| WHAT IS EXPECTED |
What you give back should be exactly the lines from the one with "日本爆笑漫画之消费的方法" through the final line of the material, pictures removed; please add nothing.

| INFORMATION PROVIDED |

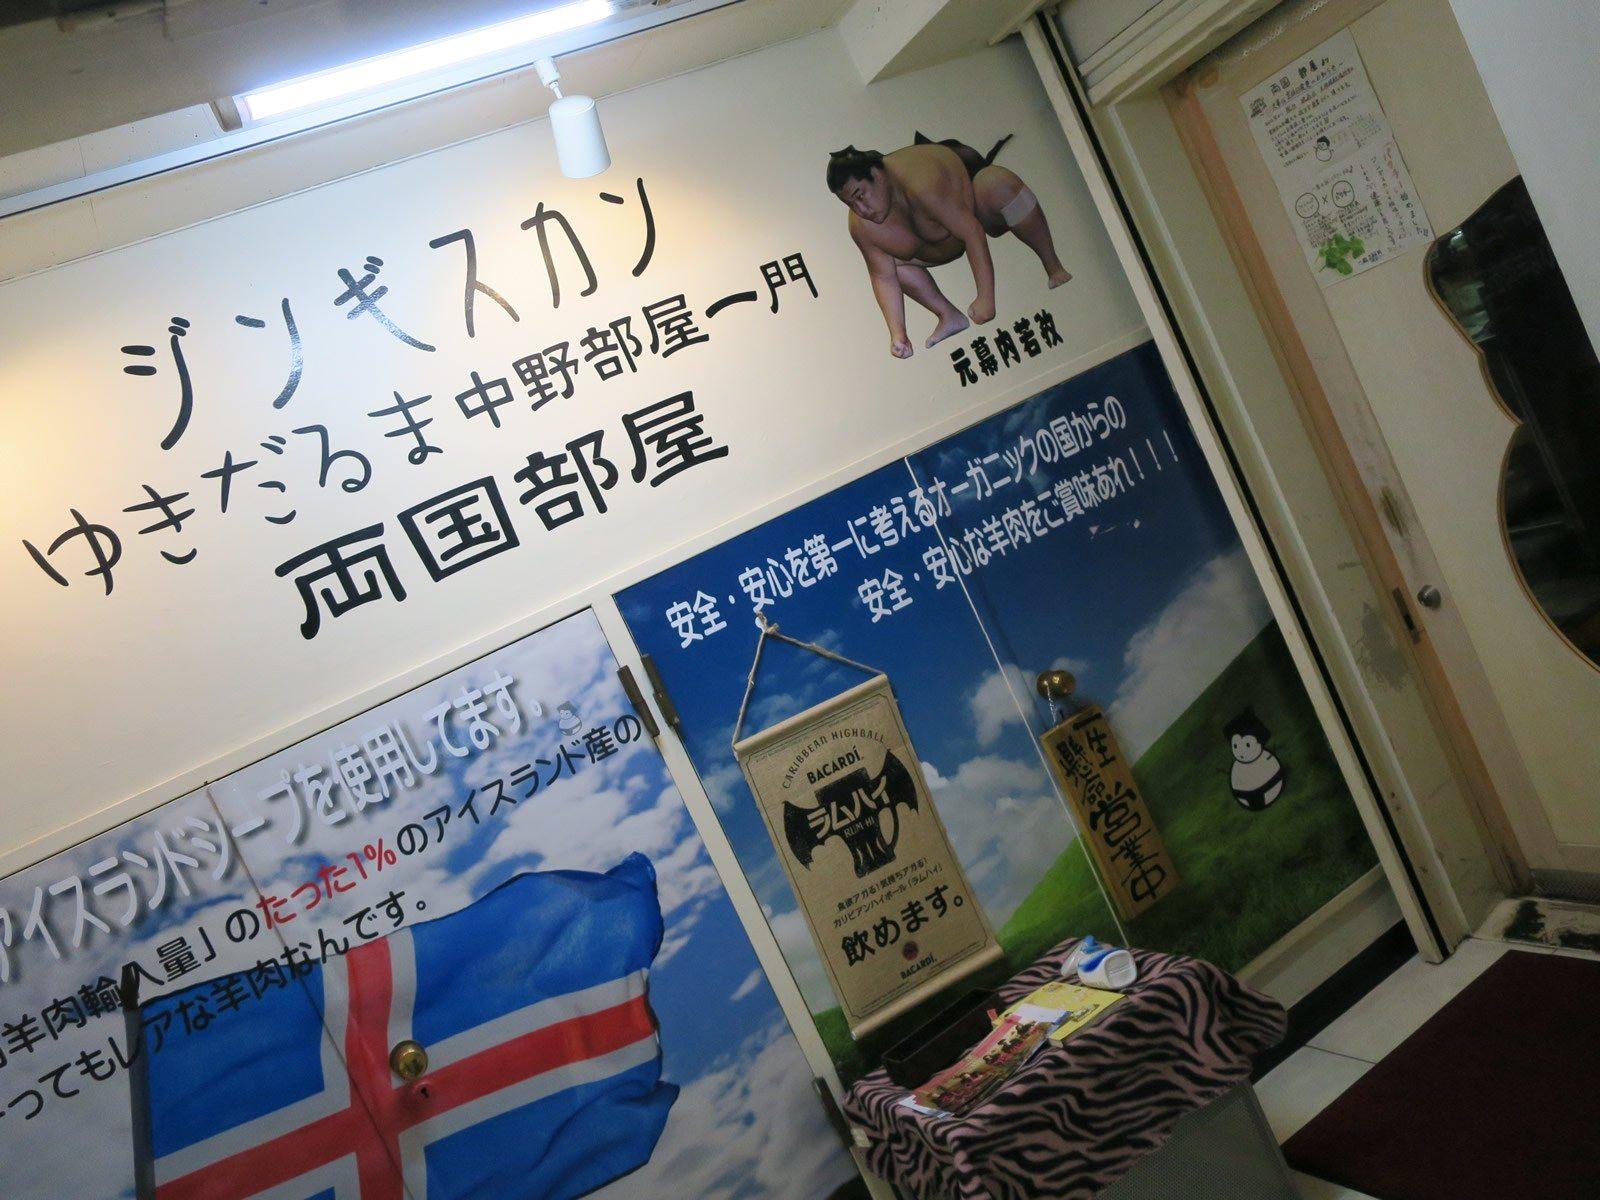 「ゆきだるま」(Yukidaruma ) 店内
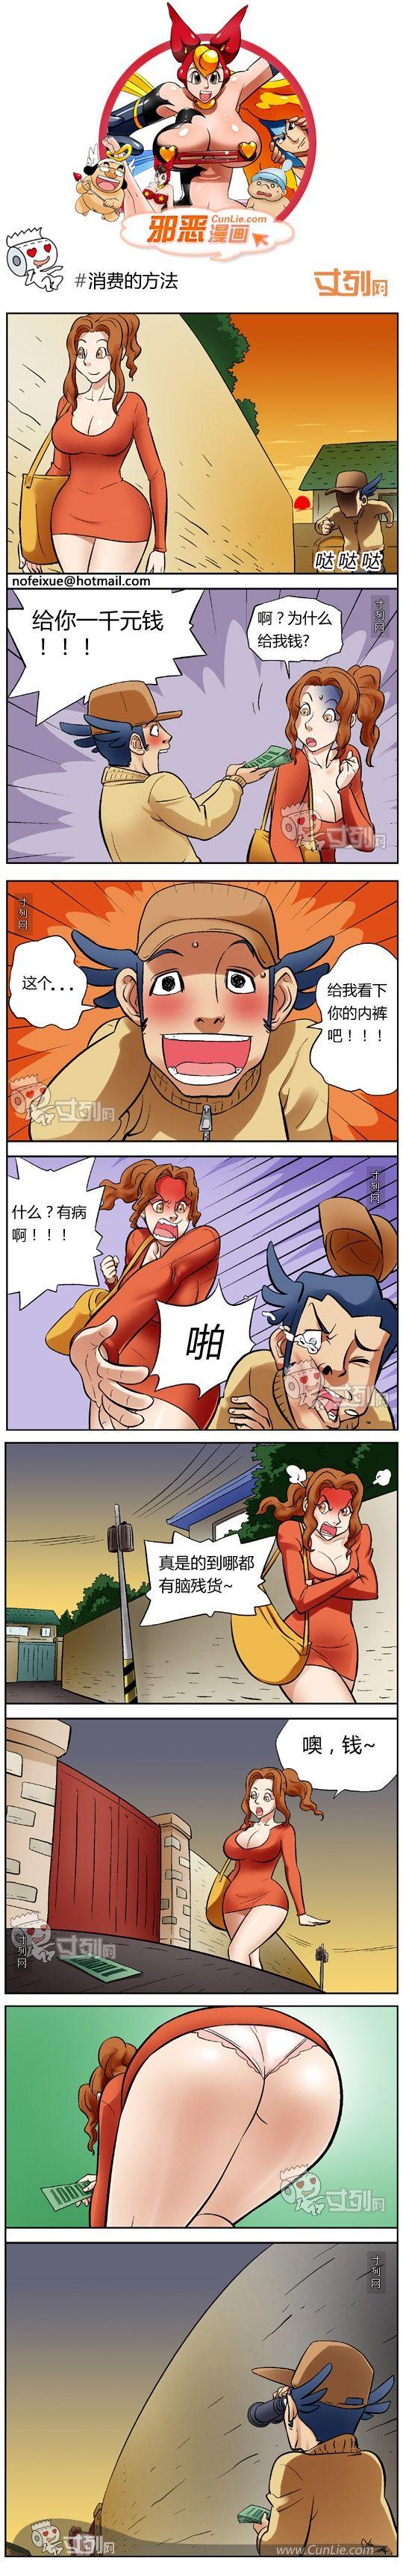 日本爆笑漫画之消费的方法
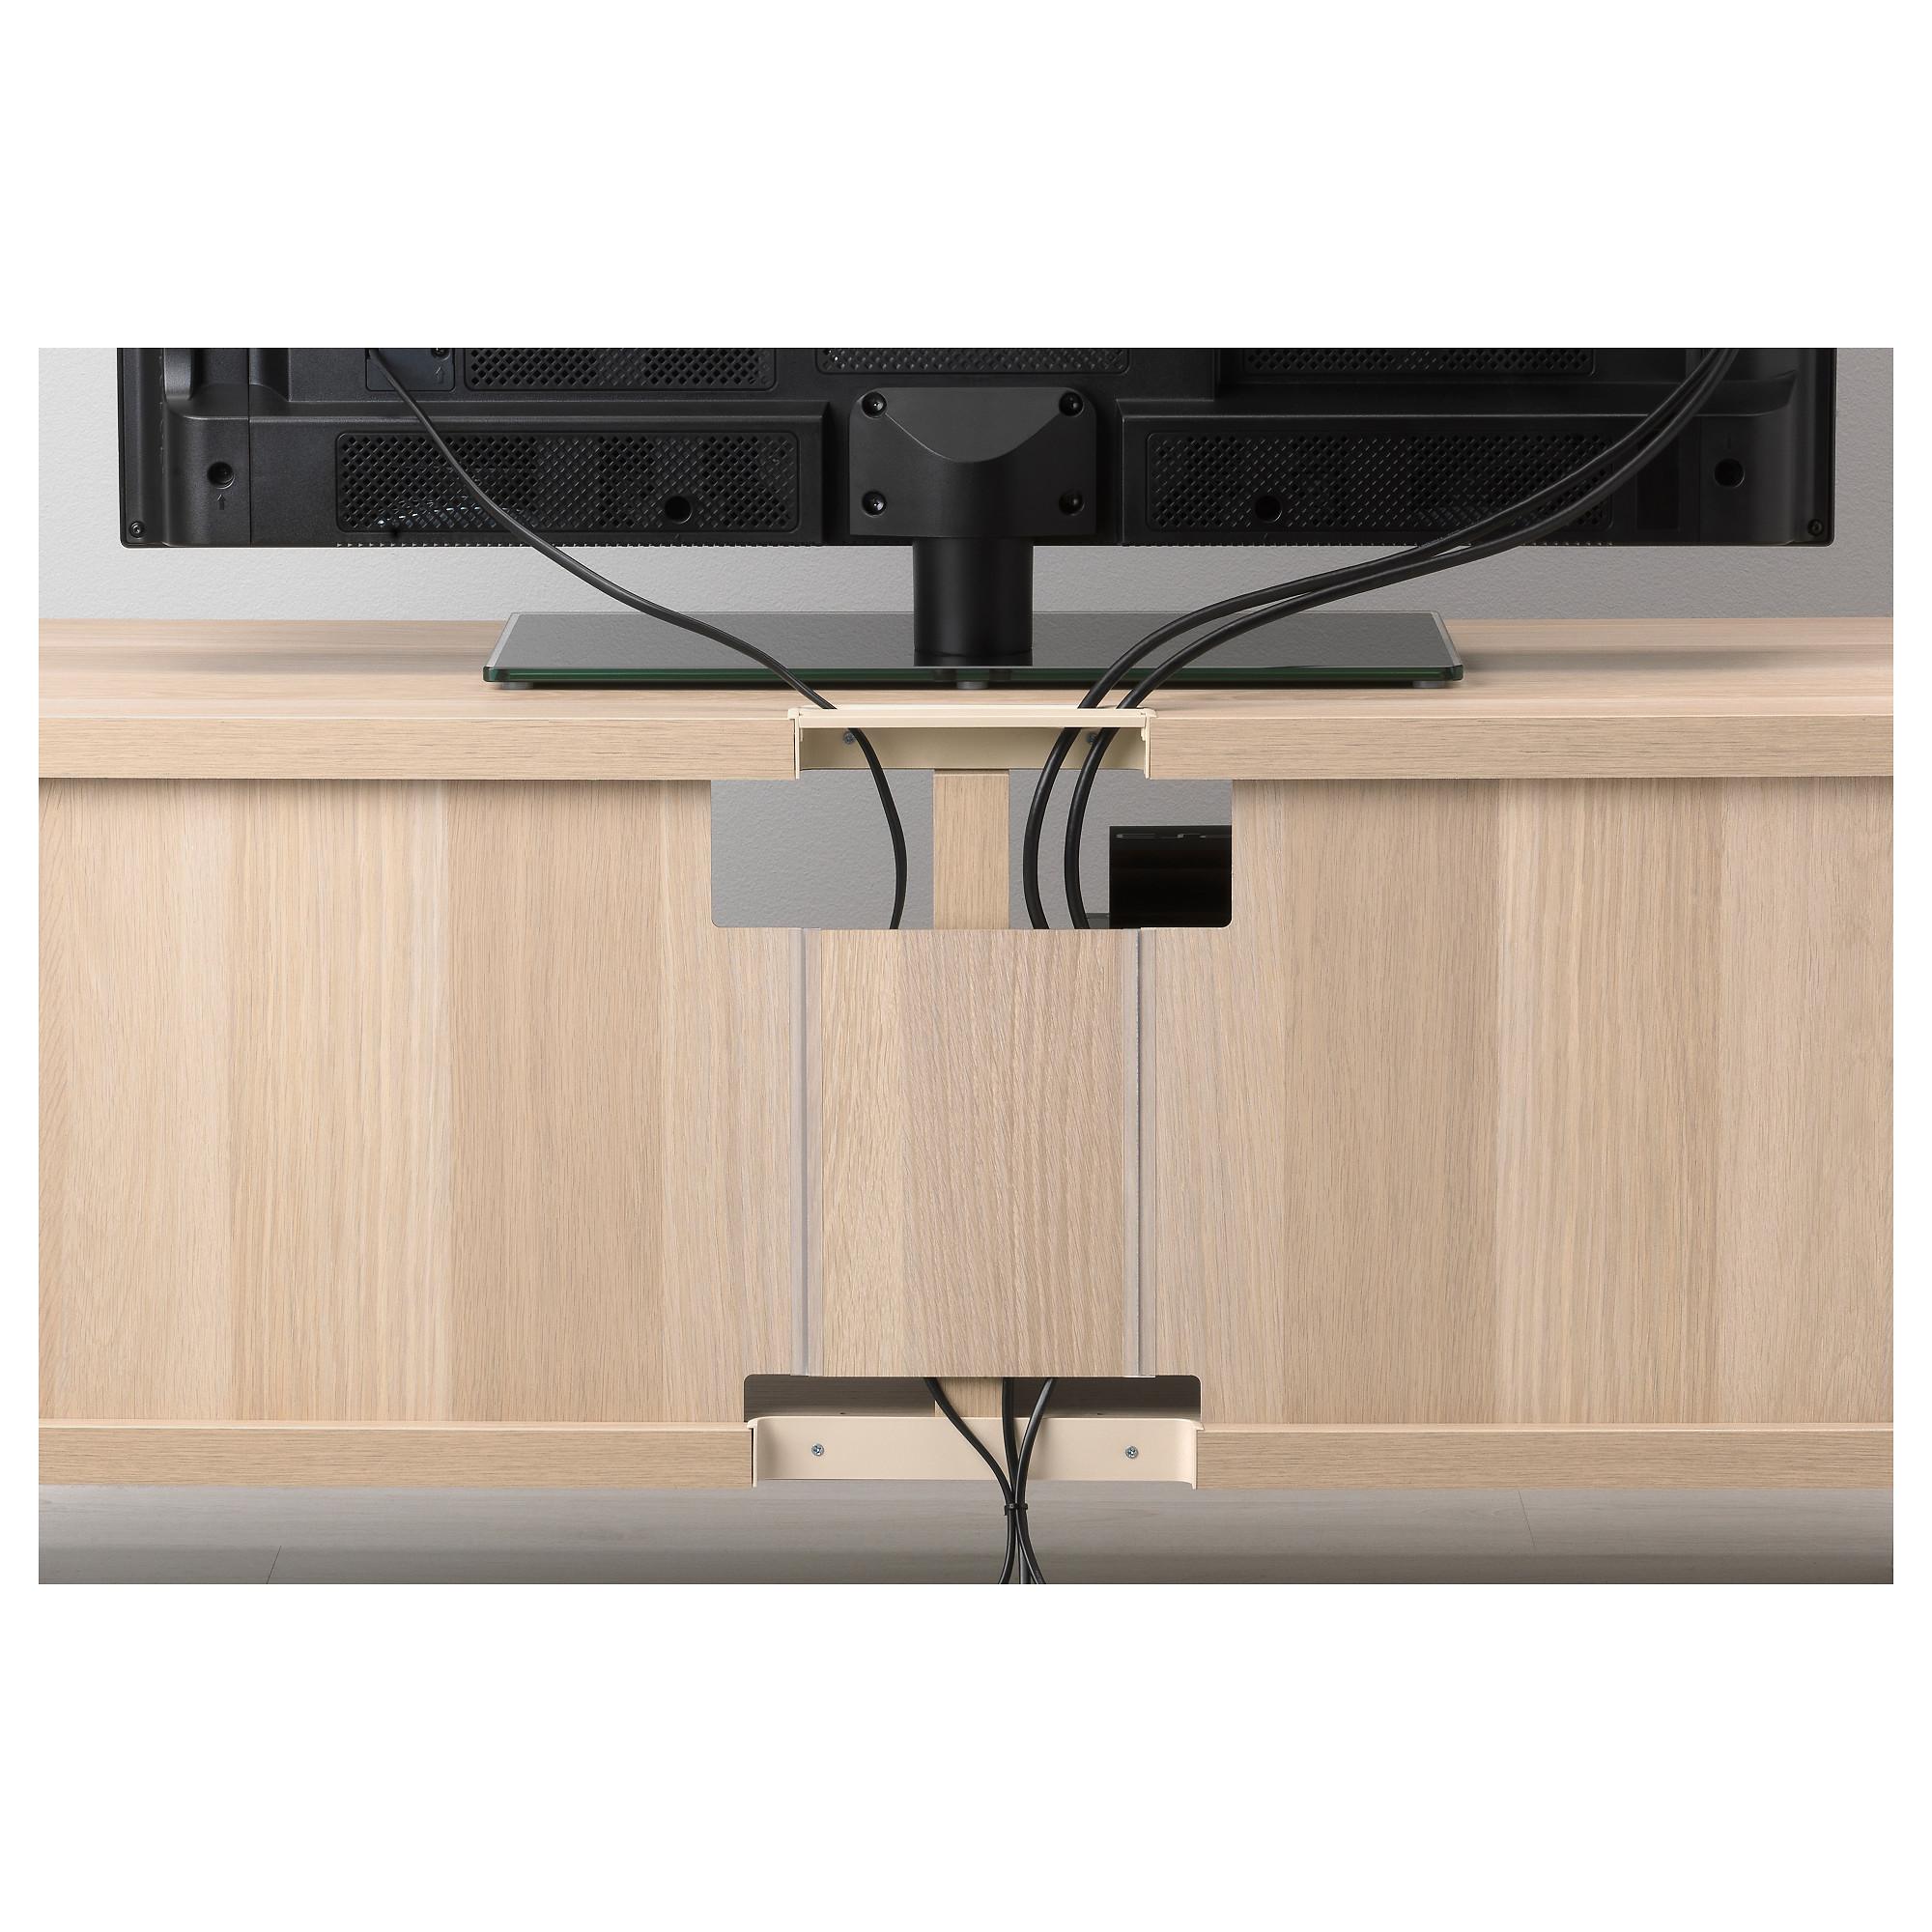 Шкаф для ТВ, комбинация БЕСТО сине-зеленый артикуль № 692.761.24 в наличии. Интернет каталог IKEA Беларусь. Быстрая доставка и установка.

| COMPLETED TASK |
 日本爆笑漫画之消费的方法
 Шкаф для ТВ, комбинация БЕСТО сине-зеленый артикуль № 692.761.24 в наличии. Интернет каталог IKEA Беларусь. Быстрая доставка и установка.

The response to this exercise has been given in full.